Decirte «te amo», ¿cuántas veces lo haces al día? Hacerlo es importante porque cuando uno se ama a sí mismo se siente más satisfecho y completo para vivir cada día y darse bienestar. Date aceptación, reconocimiento, ternura y amor con este ejercicio de meditación.
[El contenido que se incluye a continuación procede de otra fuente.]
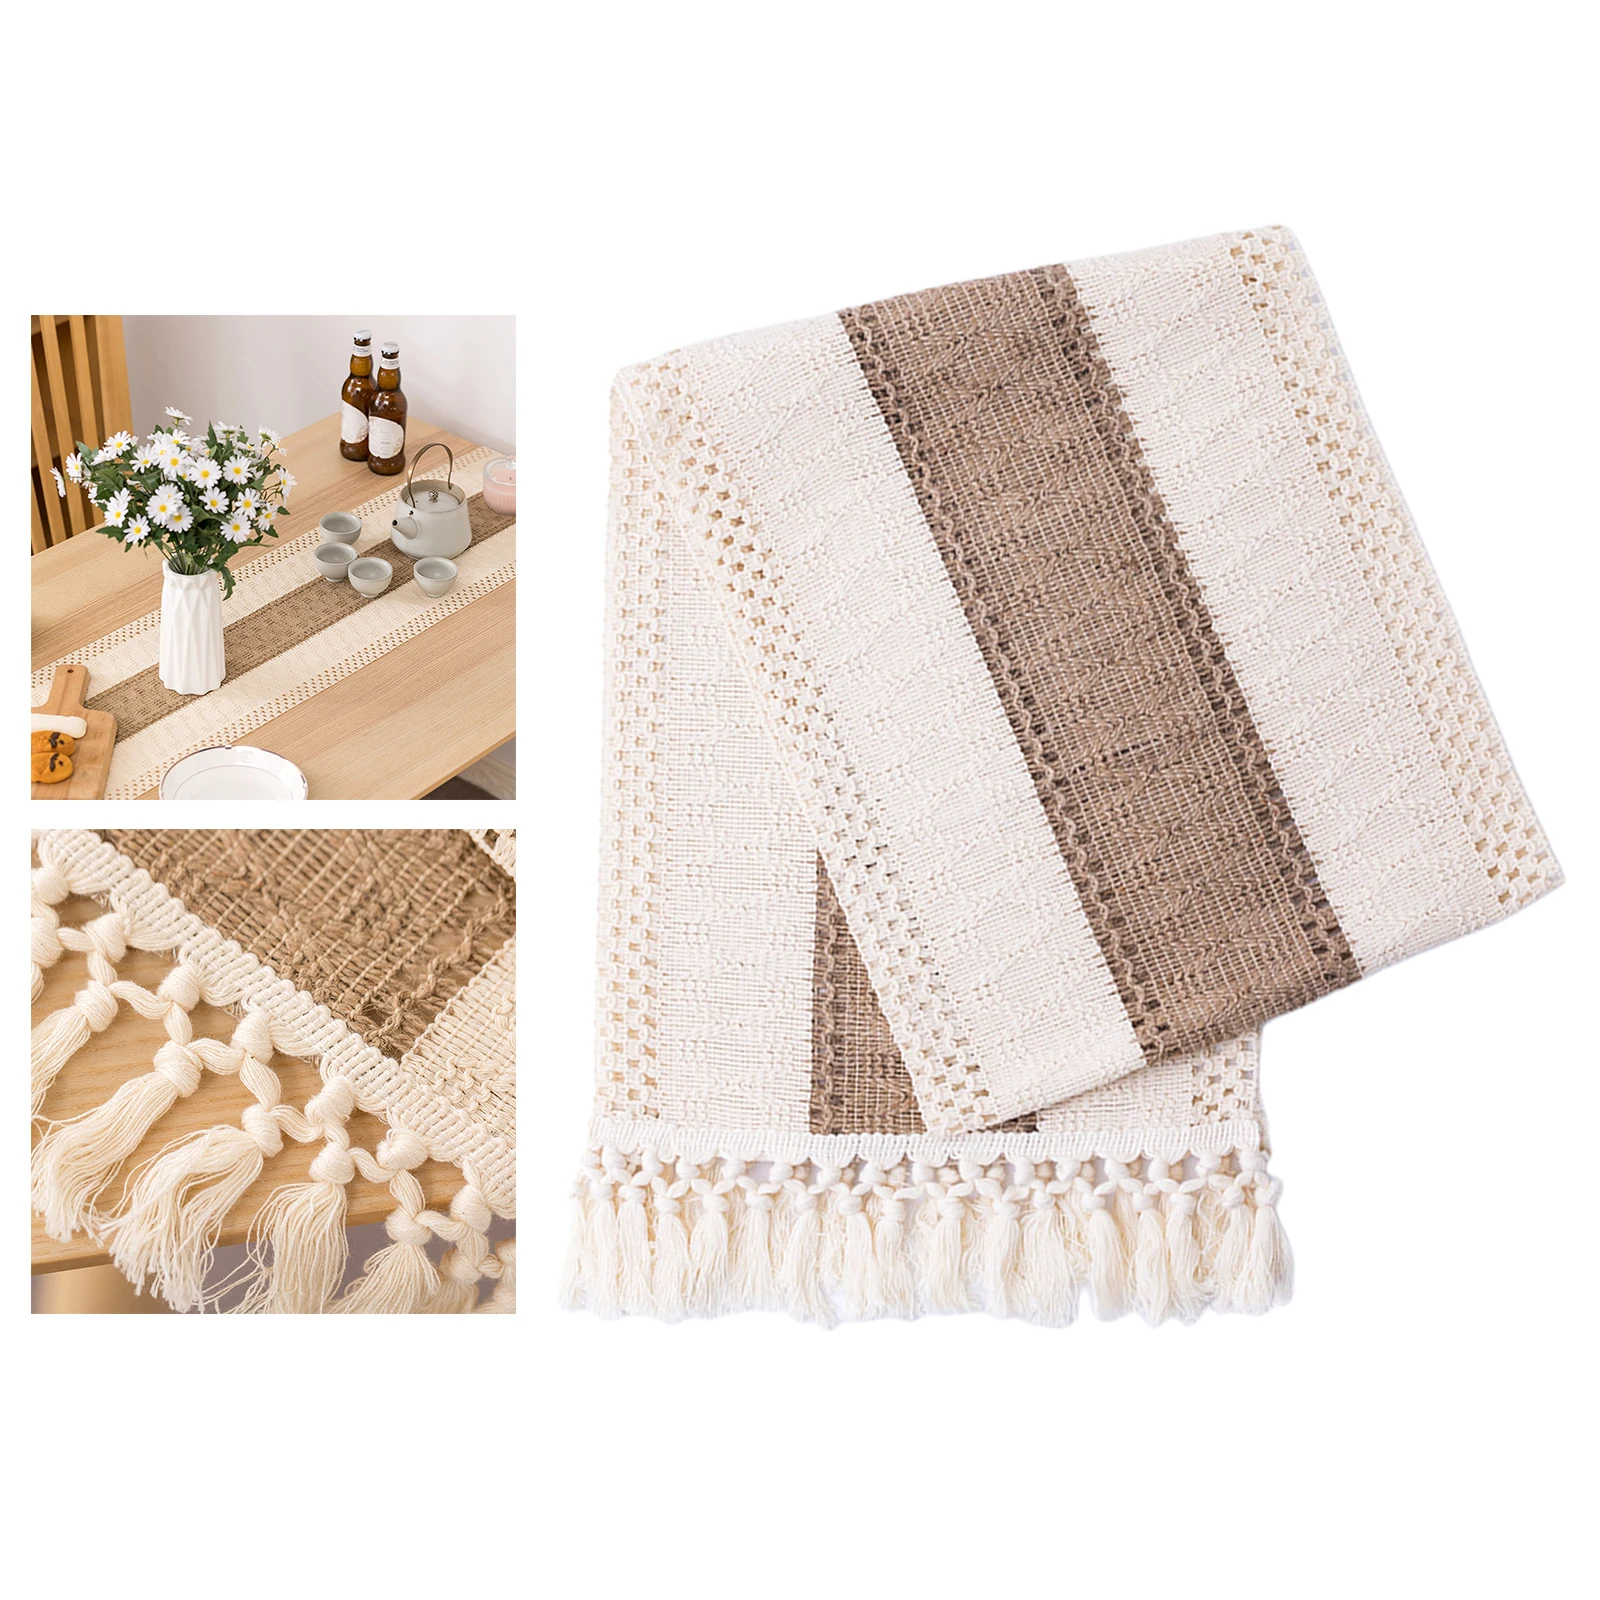 

Burlap Macrame Table Runner Farmhouse Style Hollow Tassels Woven Table Runners Decorative Country Wedding Party Decoration

Sentirte bien contigo misma te hará un ejemplo aún mejor para tu hijo. ¿Lista?

Para decirte «te amo»

  1. Procura realizar este ejercio sola, sin distracciones.
  2. Prepara el espacio con un aroma de tu gusto, puedes hacer este ejercicio después del baño, es importante que estés relajada.
  3. Acuéstate boca arriba, coloca tu mano derecha en el corazón y la izquierda en el plexo solar.
  4. Inhala y exhala profundamente en cuatro tiempos; enfoca tu respiración por unos minutos.
  5. Comienza a decirte «te amo, te amo, te amo», por unos minutos.
  6. Pregúntale a tu corazón qué color necesita para sanarse y hazlo entrar por tu coronilla, jalándolo desde el cielo hasta tu corazón y llenándolo de ese color.
  7. Inhala y exhala, abre tus ojos lentamente y observa cómo te sientes.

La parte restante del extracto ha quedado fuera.